# Diana Walstad - ecology of the planted aquarium



## dan4x4 (12 Feb 2016)

Bought the book, I'm about half way through it. Just want to say I'm enjoying it and its very interesting and in depth. I also find its well set out in a way that makes sense, anyone getting into this hobby would highly benefit from reading it.

Her tanks don't use added co2, the soil substrate provides co2 in her tanks.

I had been thinking of moving to co2 but can't see the point anymore now that I have educated myself about all options.

walstad method will be cheaper and less hassle than high tech - definitely the right way forward for me. Also I think its as close to nature as you can get when it comes to the hobby which I really like.
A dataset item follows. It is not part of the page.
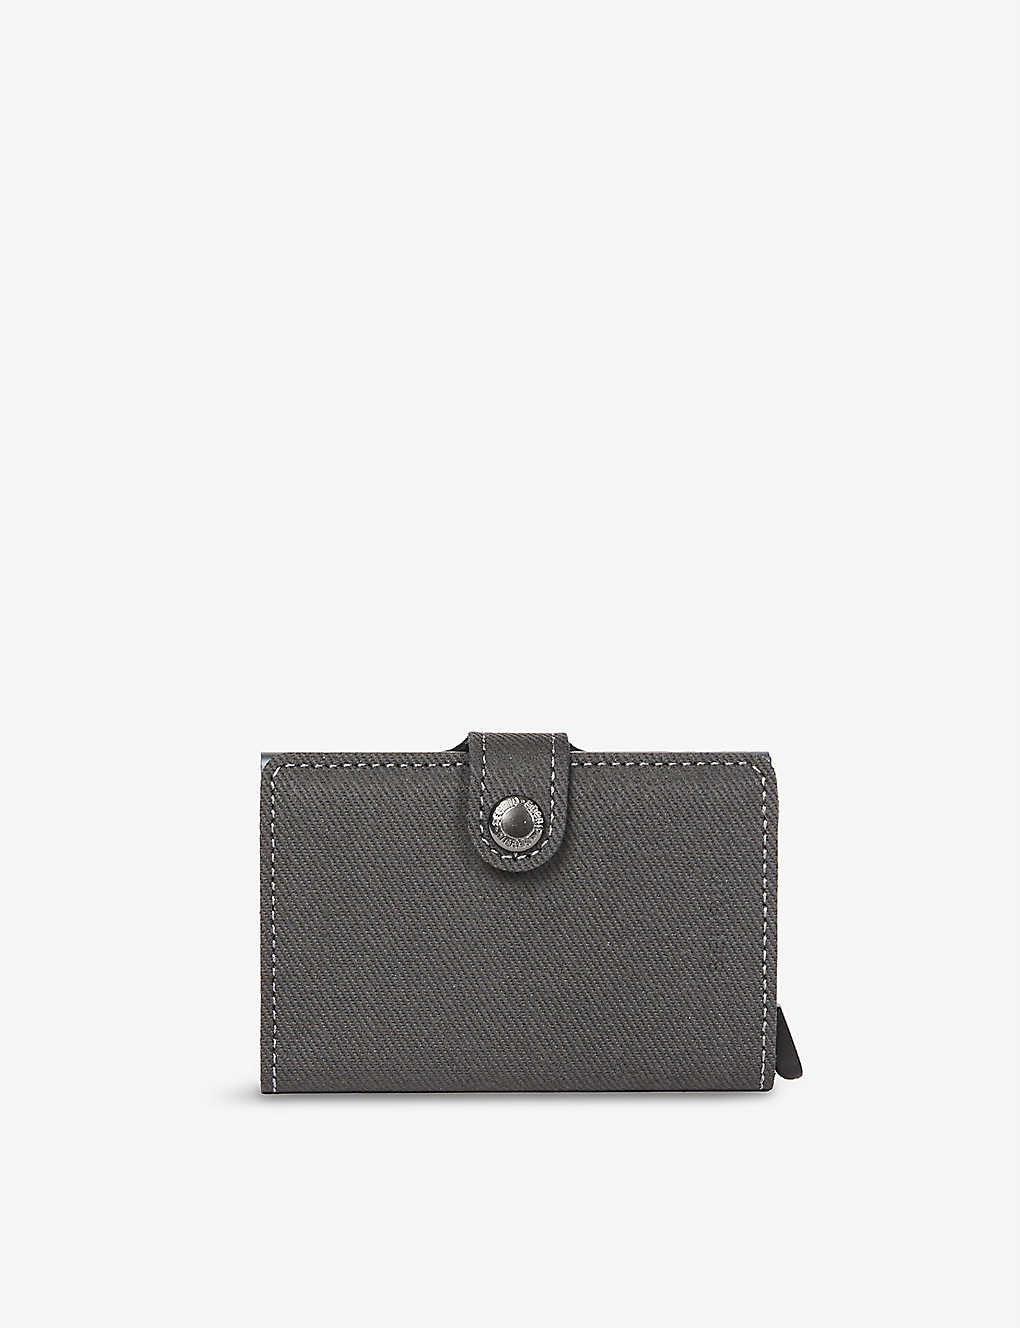 Secrid Miniwallet Leather And Aluminium Wallet In Grey

Ill post some pics up when I get round to resetting the tank.


----------



## alto (12 Feb 2016)

I've not read the book in years but check your edition for updates/edits as she has changed/clarified some details since it's initial publication


----------



## Tim Harrison (12 Feb 2016)

Another convert...it's amazing what you can achieve the Walstad Way, it takes a little longer but it helps enormously if you choose your plants to suit. It's how I started over 35 years ago as a child.


----------



## dw1305 (13 Feb 2016)

Hi all, 





dan4x4 said:


> Bought the book, I'm about half way through it. Just want to say I'm enjoying it and its very interesting and in depth. I also find its well set out in a way that makes sense, anyone getting into this hobby would highly benefit from reading it.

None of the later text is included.